How should we choose $P_\theta(x)$ from $\cm$ if 3 out of 5 tosses are heads in $\cd$? Let's apply maximum likelihood learning.
We optimize for $\theta$ which makes $\cd$ most likely. What is the solution in this case?
%matplotlib inline
import numpy as np
from matplotlib import pyplot as plt
# our dataset is {H, H, T, H, T}; if theta = P(x=H), we get:
coin_likelihood = lambda theta: theta*theta*(1-theta)*theta*(1-theta)
theta_vals = np.linspace(0,1)
plt.plot(theta_vals, coin_likelihood(theta_vals))
[<matplotlib.lines.Line2D at 0x121769a20>]
Our log-likelihood function is \begin{eqnarray} \nonumber L(\theta) &=& \theta^{\#\,\text{heads}} \cdot (1-\theta)^{\#\,\text{tails}}\\ \nonumber \log L(\theta) &=& \log(\theta^{\#\,\text{heads}} \cdot (1-\theta)^{\#\,\text{tails}}) \\ \nonumber &=& \#\,\text{heads} \cdot \log(\theta) + \#\,\text{tails} \cdot \log(1-\theta) \end{eqnarray} The MLE estimate is the $\theta^* \in [0,1]$ such that $\log L(\theta^*)$ is maximum.
Differentiating the log-likelihood function with respect to $\theta$ and setting the derivative to zero, we obtain $$\theta^*= \frac{\#\,\text{heads}}{\#\,\text{heads}+\#\,\text{tails}}$$
When exact solutions are not available, we can optimize the log likelihood numerically, e.g. using gradient descent.
We will see examples of this later.
Sometimes, we may be interested in only fitting a conditional model $P(y | x)$. For example, we may be only interested in predicting $y$ from $x$ rather than learning the joint structure of $x, y$.

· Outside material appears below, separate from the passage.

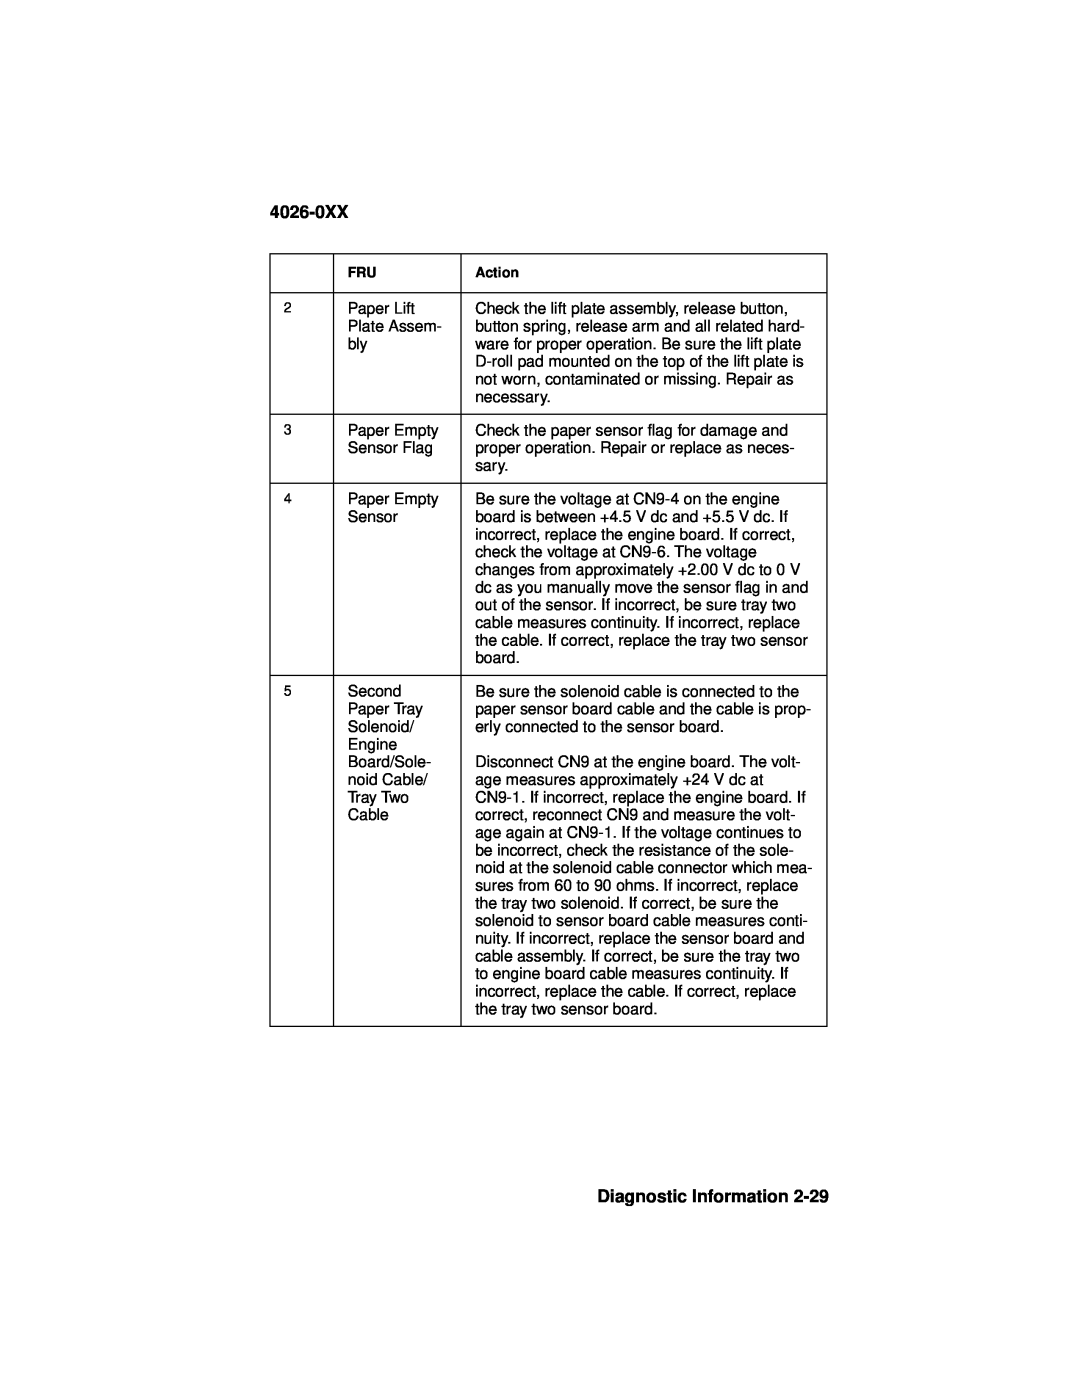 Lexmark 4026-0XX manual Diagnostic Information, Paper Lift

We can extend the principle of maximum likelihood learning to this setting as well. In this case, we are interested in minimizing $$ \min_\theta \mathbb{E}_{x \sim \mathbb{P}_\text{data}} \left[ D(P_\text{data}(y|x) \mid\mid P_\theta(y|x)) \right], $$ the expected KL divergence between $P_\text{data}(y|x)$ and $P_\theta(y|x)$ over all the inputs $x$.
With a bit of math, we can show that the maximum likelihood objective becomes $$ \max_\theta \mathbb{E}_{x, y \sim \mathbb{P}_\text{data}} \log P_\theta(y|x). $$ This is the principle of conditional maximum likelihood
Maximum likelihood learning is one approach for training probabilistic machine learning models.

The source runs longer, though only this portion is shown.